This Memorial Day, like all of them for 35 years, our thoughts about American soldiers and our debates about when and where their lives should be put at risk are dominated by the contrast between World War II and Vietnam. Almost everyone at the time and ever since has agreed that WWII was the good war. Vietnam, at the time and ever since, was either an immorally extended mistake or a worthy cause betrayed (or dozens of variations on these themes).
But another difference between WWII and Vietnam is usually overlooked, although it explains a lot. WWII involved mobilization of the entire society. Most young and not-so-young adult men served in the military or in some other way. Vietnam, by contrast, even at its peak required only a small fraction of a narrower draft-age cohort. Although the draft was supposed to be universal, four-fifths of draft-age males did no military service and nine-tenths never saw Vietnam. This mundane statistical reality explains much more than moral opposition or cowardice does about why, when Vietnam-age men pop up in the news, they usually seem to have avoided Vietnam.
The future occasions when Americans may be called upon to fight and die are sure to resemble Vietnam more than WWII: Their necessity will be debatable, and they will require the service of only a small minority. That makes WWII an almost useless model, politically. One thing democracy does best is mobilizing a whole society toward a transcendently important goal. One thing democracy does very badly, though, is allocating unequal sacrifice. When some are asked to fight and die while most get to continue the flow of their lives, war and peace becomes the ultimate NIMBY (not-in-my-back-yard) problem.
Maybe it is no bad thing if military escapades become as politically hopeless as a nuclear power plant. But the essence of NIMBY is that something cannot happen politically even with majority support, if it imposes an unfair burden on a few. Since Vietnam we have tried two solutions: the draft lottery and the all-volunteer military. But a lottery is just a way to allocate unfairness, not eliminate it. Meanwhile, during recent military actions, the press has turned even active-duty members of the all-volunteer military into your standard interest group being unfairly imposed upon. And, judging from those recruiting commercials, America’s soldiers are justified in feeling that they volunteered for computer training, not to risk their lives in some miserable faraway desert or jungle.
Every political system, even democracy, is about forcing people to do things they don’t want to do. This is justifiable when you need a social consensus. We must decide communally how clean the air should be, but we don’t need to take a vote on what flavor of ice cream we prefer. On ice cream, we can each have our own way. That’s even better than democracy. War and peace would seem to be the classic communal issue, and most aspects of it—is it worth engaging the national honor? killing lots of foreigners?—need to be settled democratically. But why can’t the most painful issues—whether American lives should be put at risk, and if so whose—be settled on the ice cream model? Why can’t people decide for themselves?
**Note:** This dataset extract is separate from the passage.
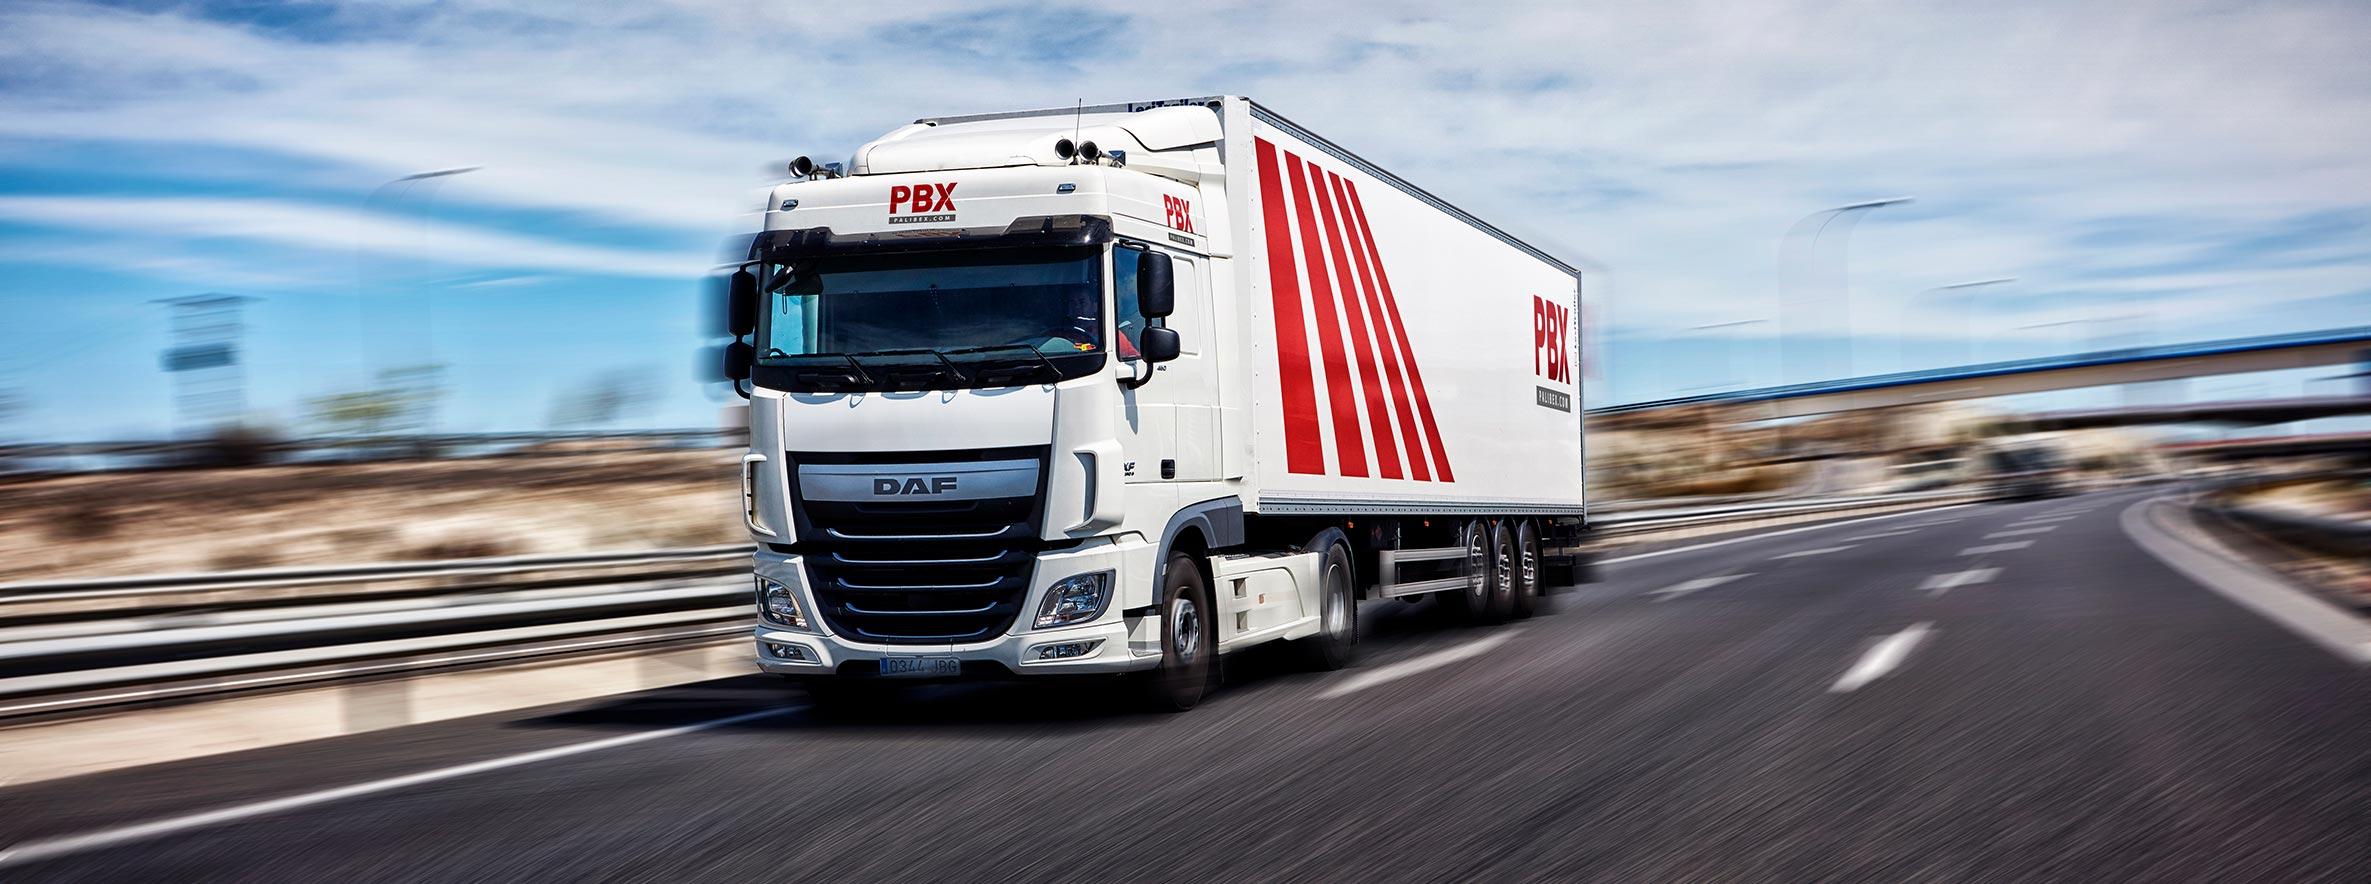 servicio ltl palibex - gran consumo - camion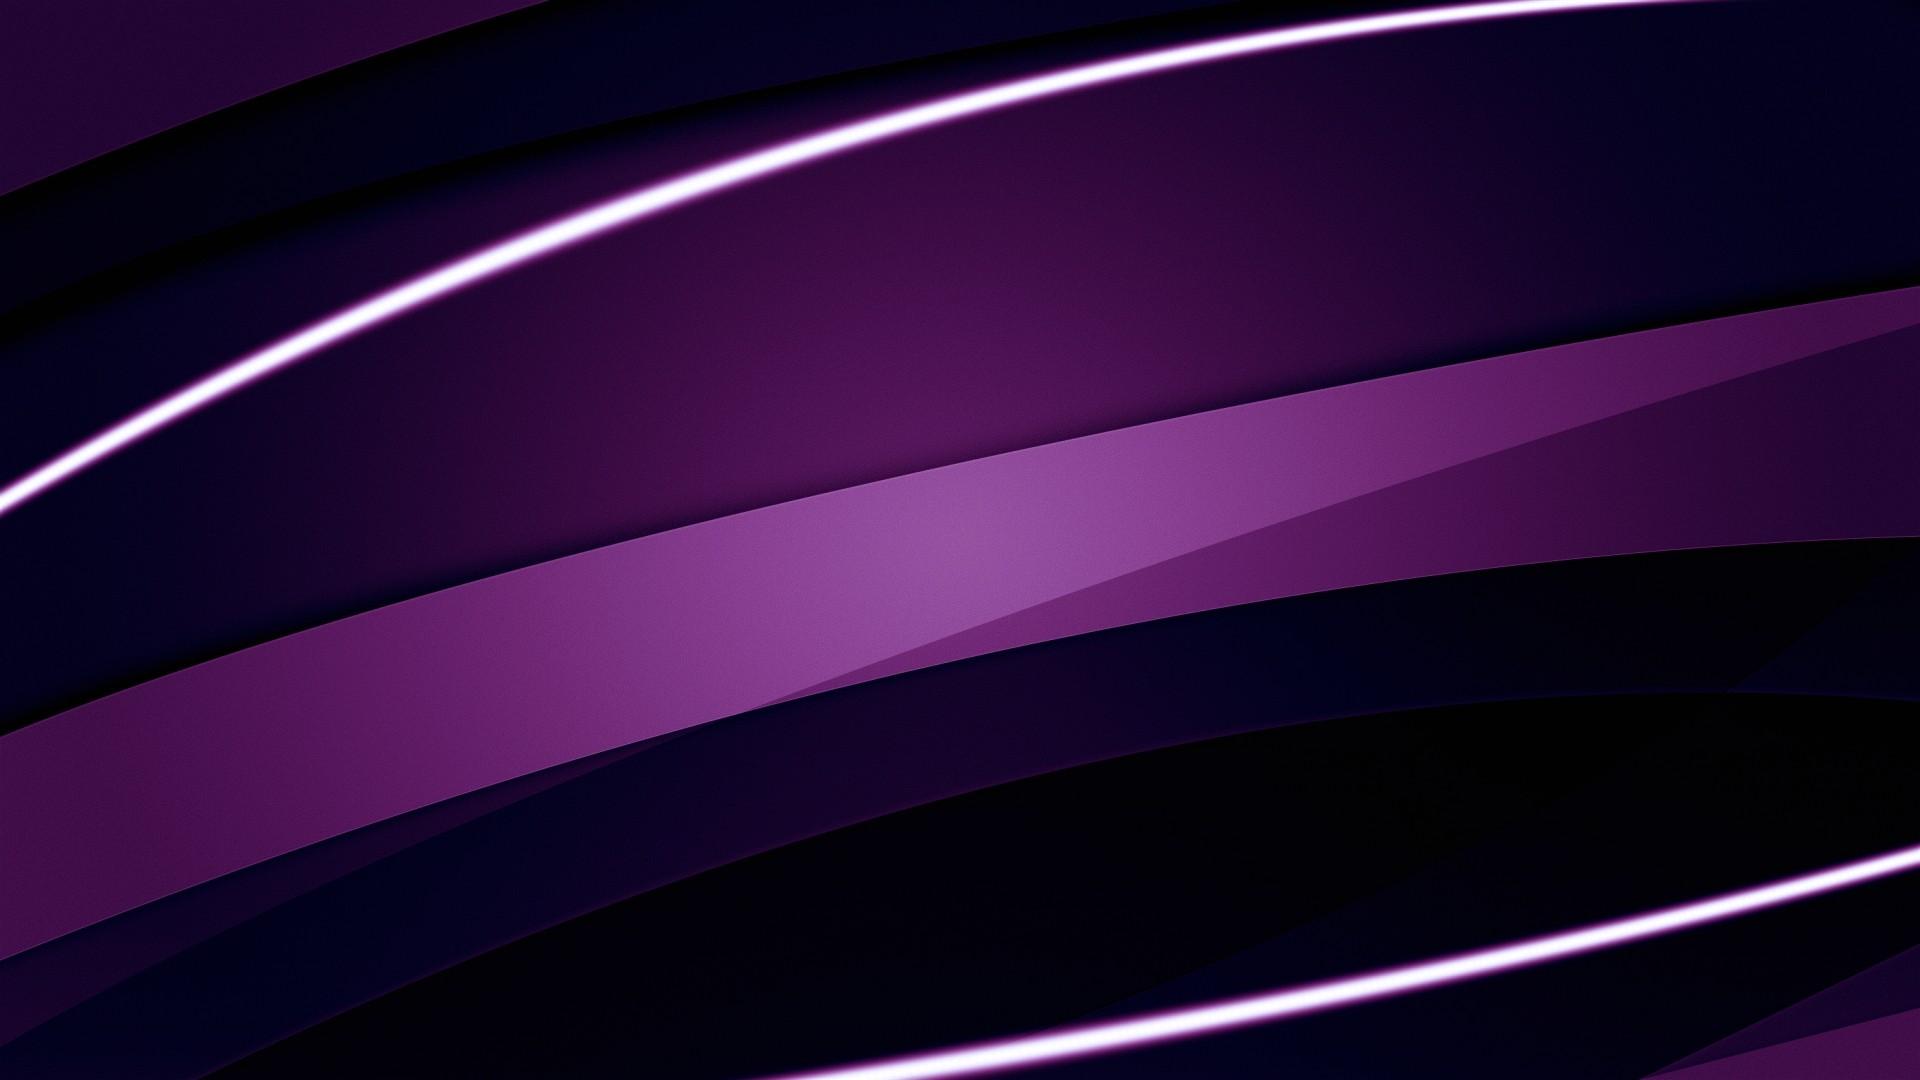 violas oase gayroyal desktop

Take the main should-we-or-shouldn’t-we issue of these years: humanitarian interventions. (“Humanitarian” is now a pejorative term for situations with no, or no self-sufficient, national-security issue at stake.) Is Bosnia or Kosovo or Sierra Leone worth some Americans’ blood? There would be no need for a social consensus about this so long as every individual soldier was truly acting voluntarily. Suppose there was a volunteer corps explicitly devoted to “humanitarian” interventions. Suppose its members could even pick and choose: Rwanda, yes; Croatia, no … or, for more money, anywhere you want, boss. A president wishing to use this corps would have to entice or persuade enough members or give up.
Would these soldiers be “mercenaries”? If so, so what? We positively celebrate mercenary motives these days in most areas of life. During Vietnam, the columnist Nicholas von Hoffman coined a brilliant eight-word critique: “Draft old men’s money, not young men’s bodies.” In other words, why should shooting and getting shot at, of all professional activities, be expected to sell at a discount? But actually, the motives of these people are likely to be less mercenary than those of current military volunteers (based on the mercenary themes used to recruit them). Individual motives will differ. Some will be high-minded idealists. Many, no doubt, will be low-minded thrill-seekers. Once again, so what?
And is it immoral to pay someone to fight and maybe die for a cause that is not vital to the national interest? For a war not “good” enough, or big enough, for a national draft? Cruise the Web looking for death. Farming killed 210 people over a recent five-year period, just in Pennsylvania. According to Sen. Daniel Patrick Moynihan, an American male’s lifetime risk of death by homicide is about equal to an American soldier’s odds of getting killed during Vietnam. Many jobs are dangerous and life is a tragedy waiting to happen. If idealism or machismo or money tempts someone into a dangerous life serving his country’s values, if not its interests narrowly defined, his is probably a life well spent.